- The data -
%%
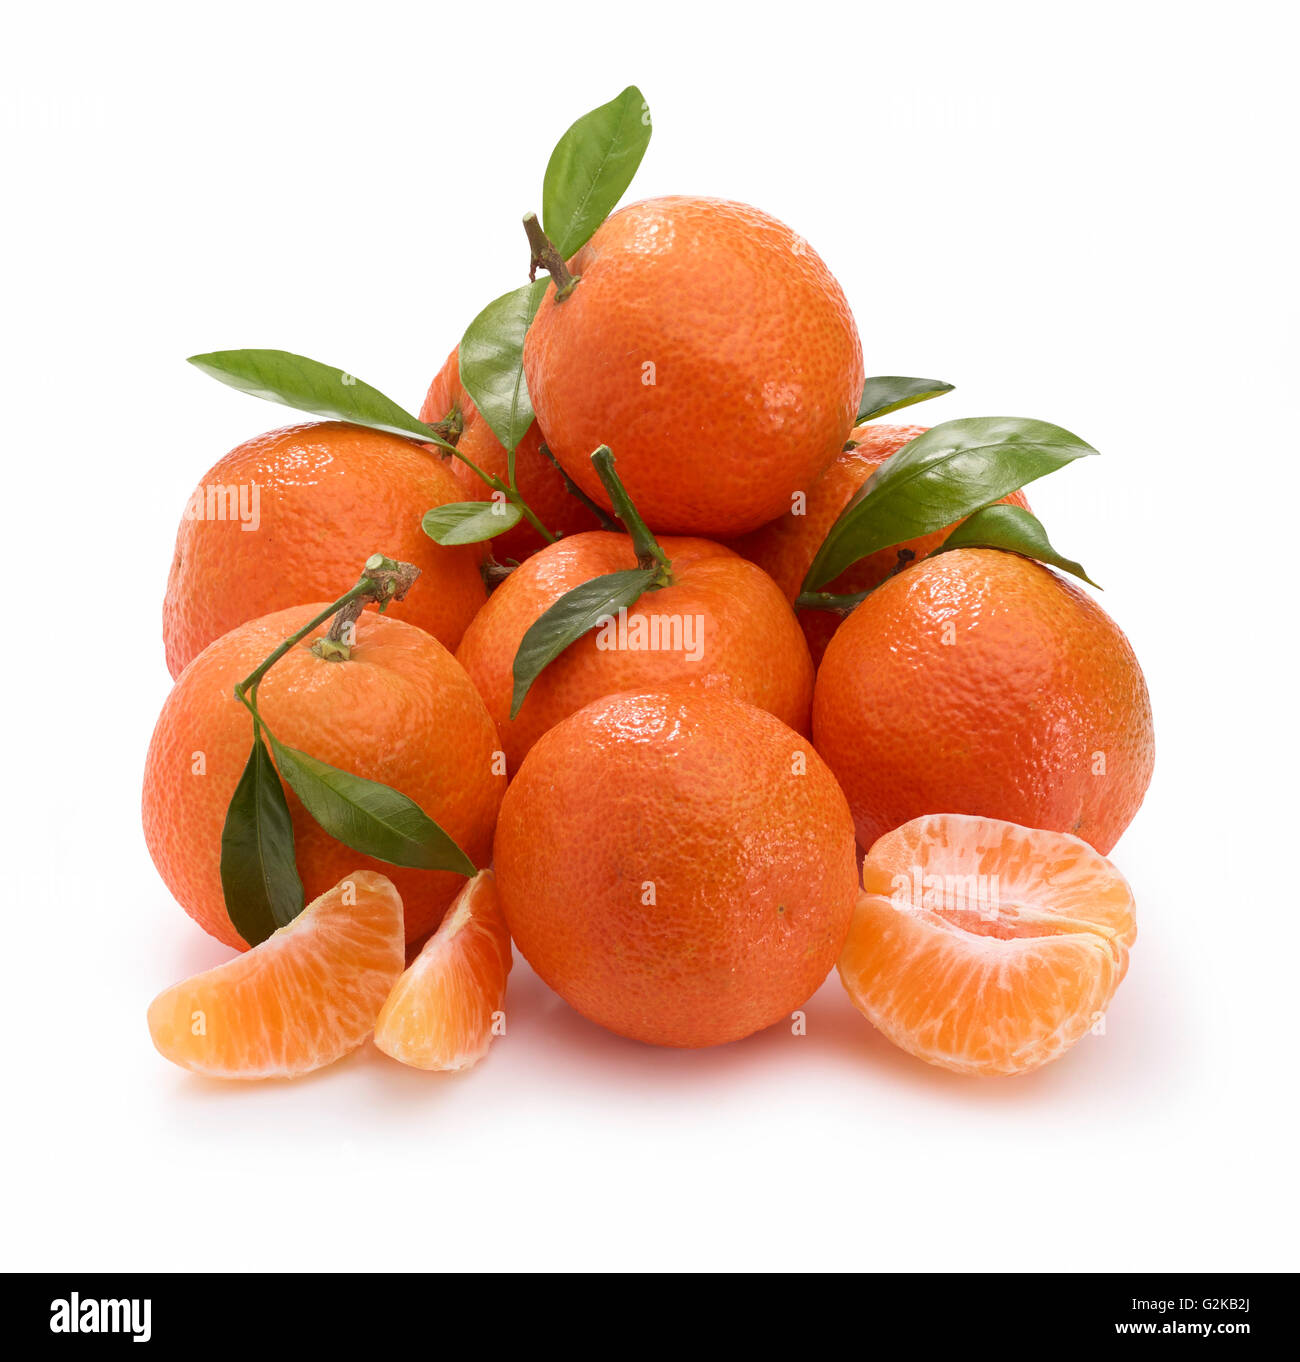 Mandarins (Citrus reticulata) with leaves, white background Stock Photo
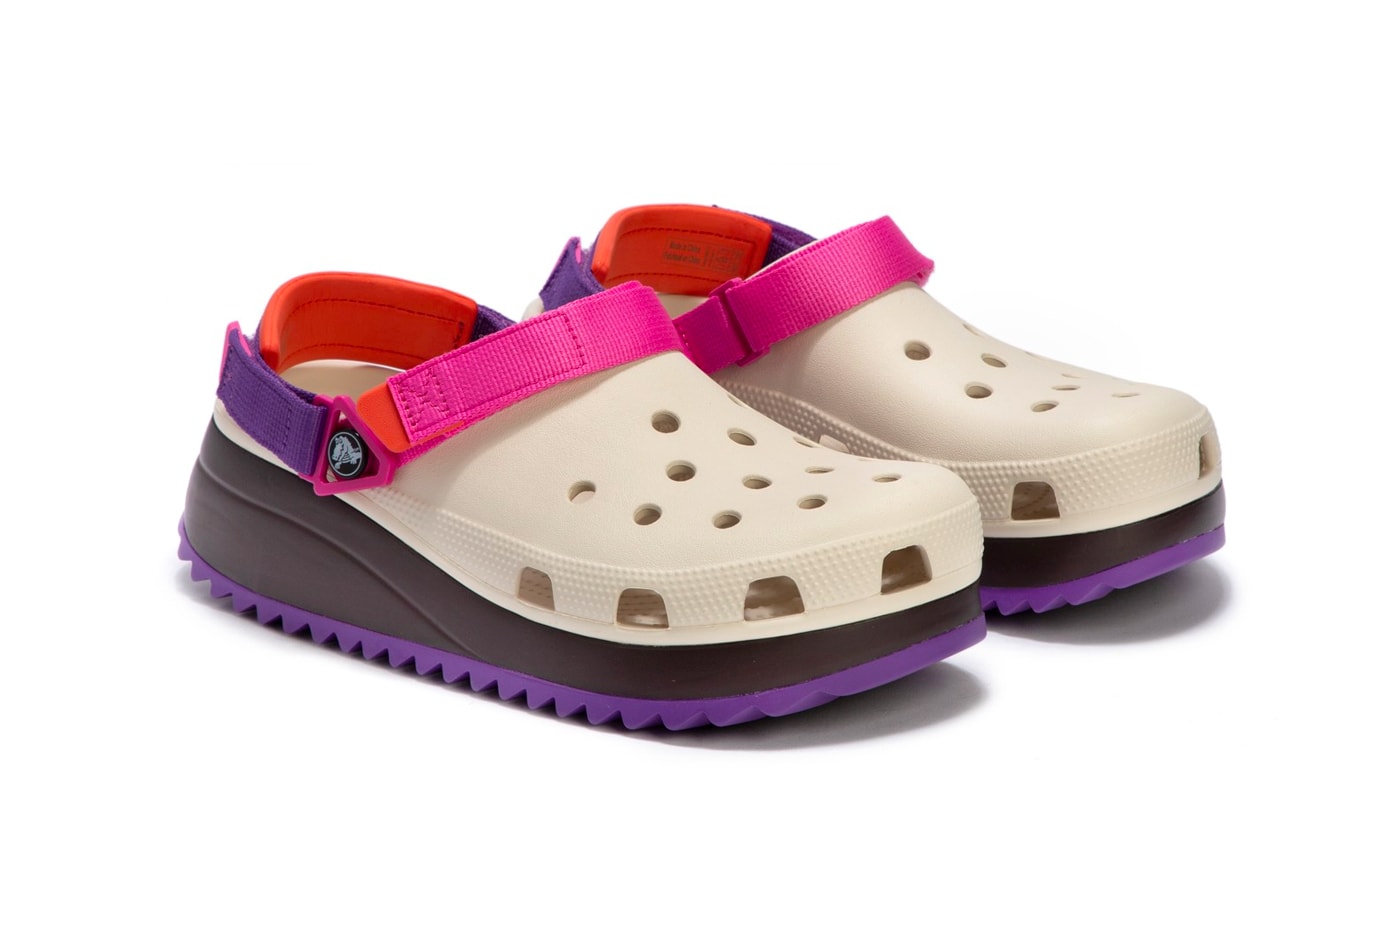 Crocs Classic Hiker Clog Release footwear sandals adjustable velcro straps sawtooth outsole black white hbx
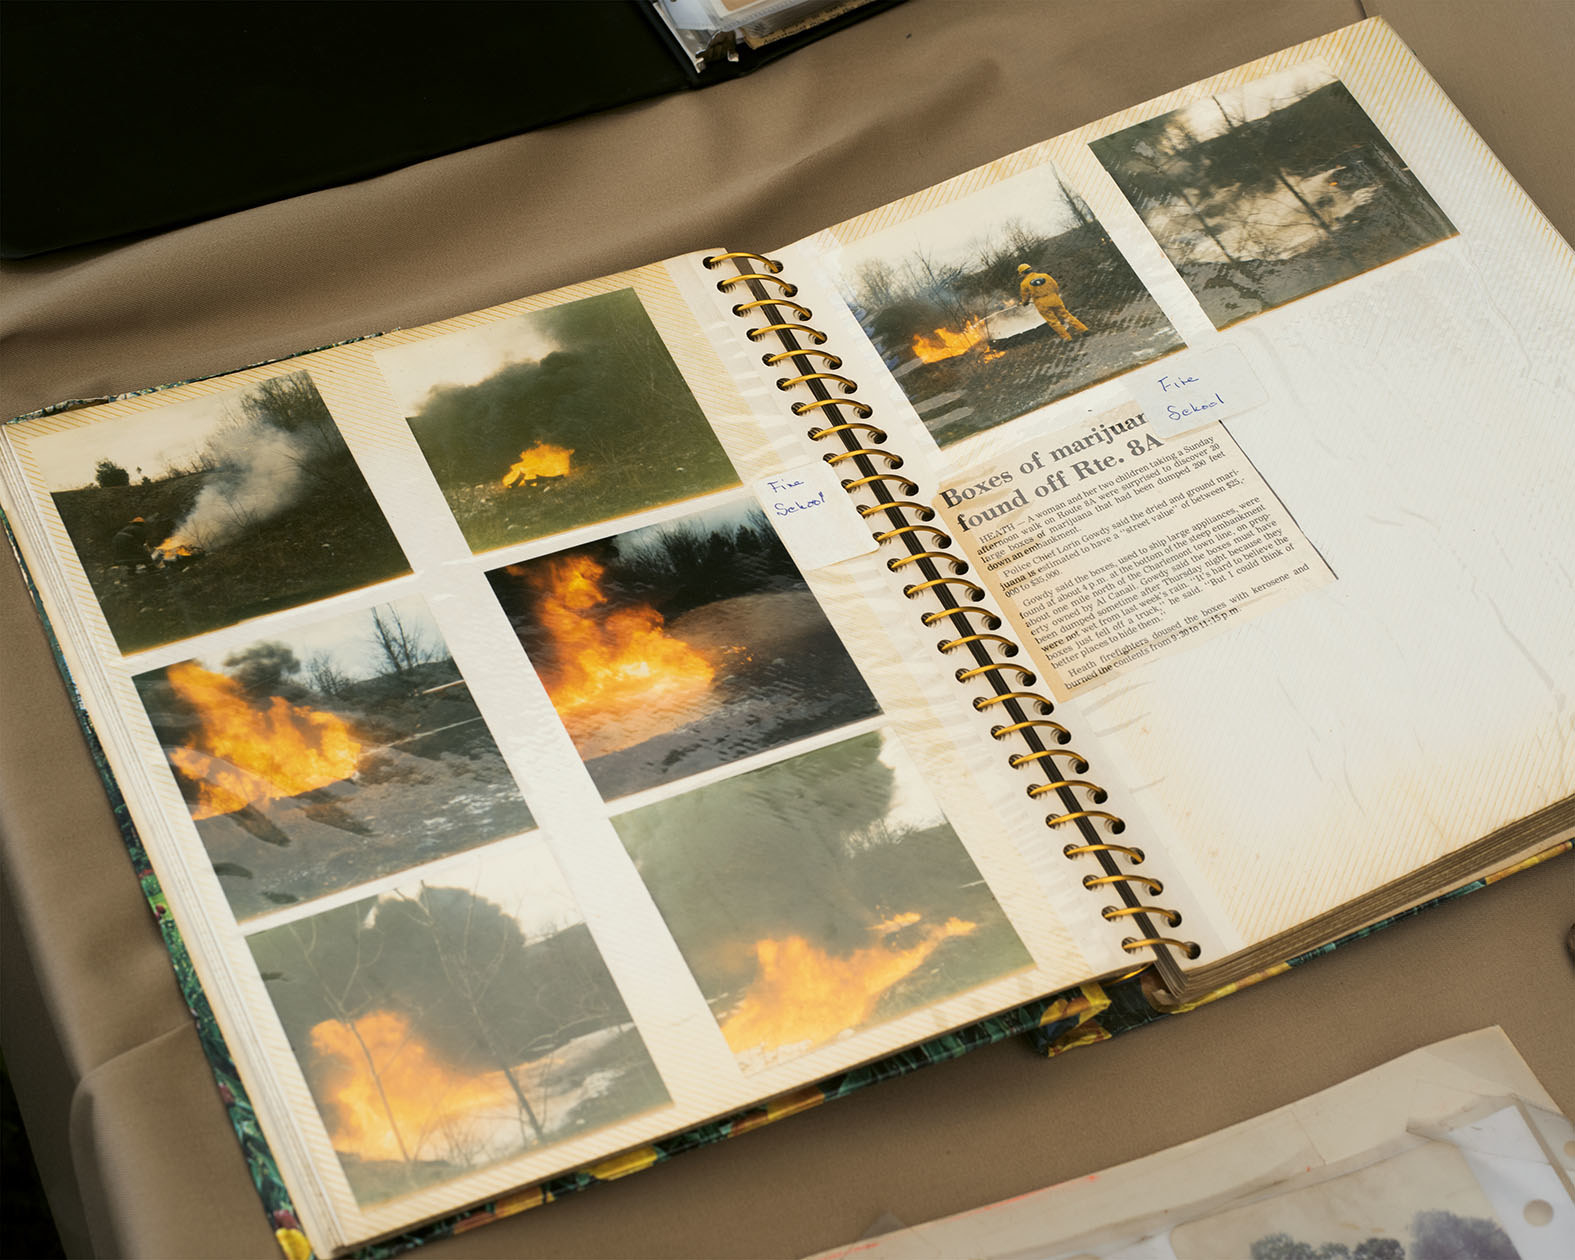 A photo album of brush fires
%%
- What the task requires -
Only the pictures are to be left out, and all of the data must otherwise be transcribed exactly.

- Exercise solution -
 Mandarins (Citrus reticulata) with leaves, white background Stock Photo
 Crocs Classic Hiker Clog Release footwear sandals adjustable velcro straps sawtooth outsole black white hbx
 A photo album of brush fires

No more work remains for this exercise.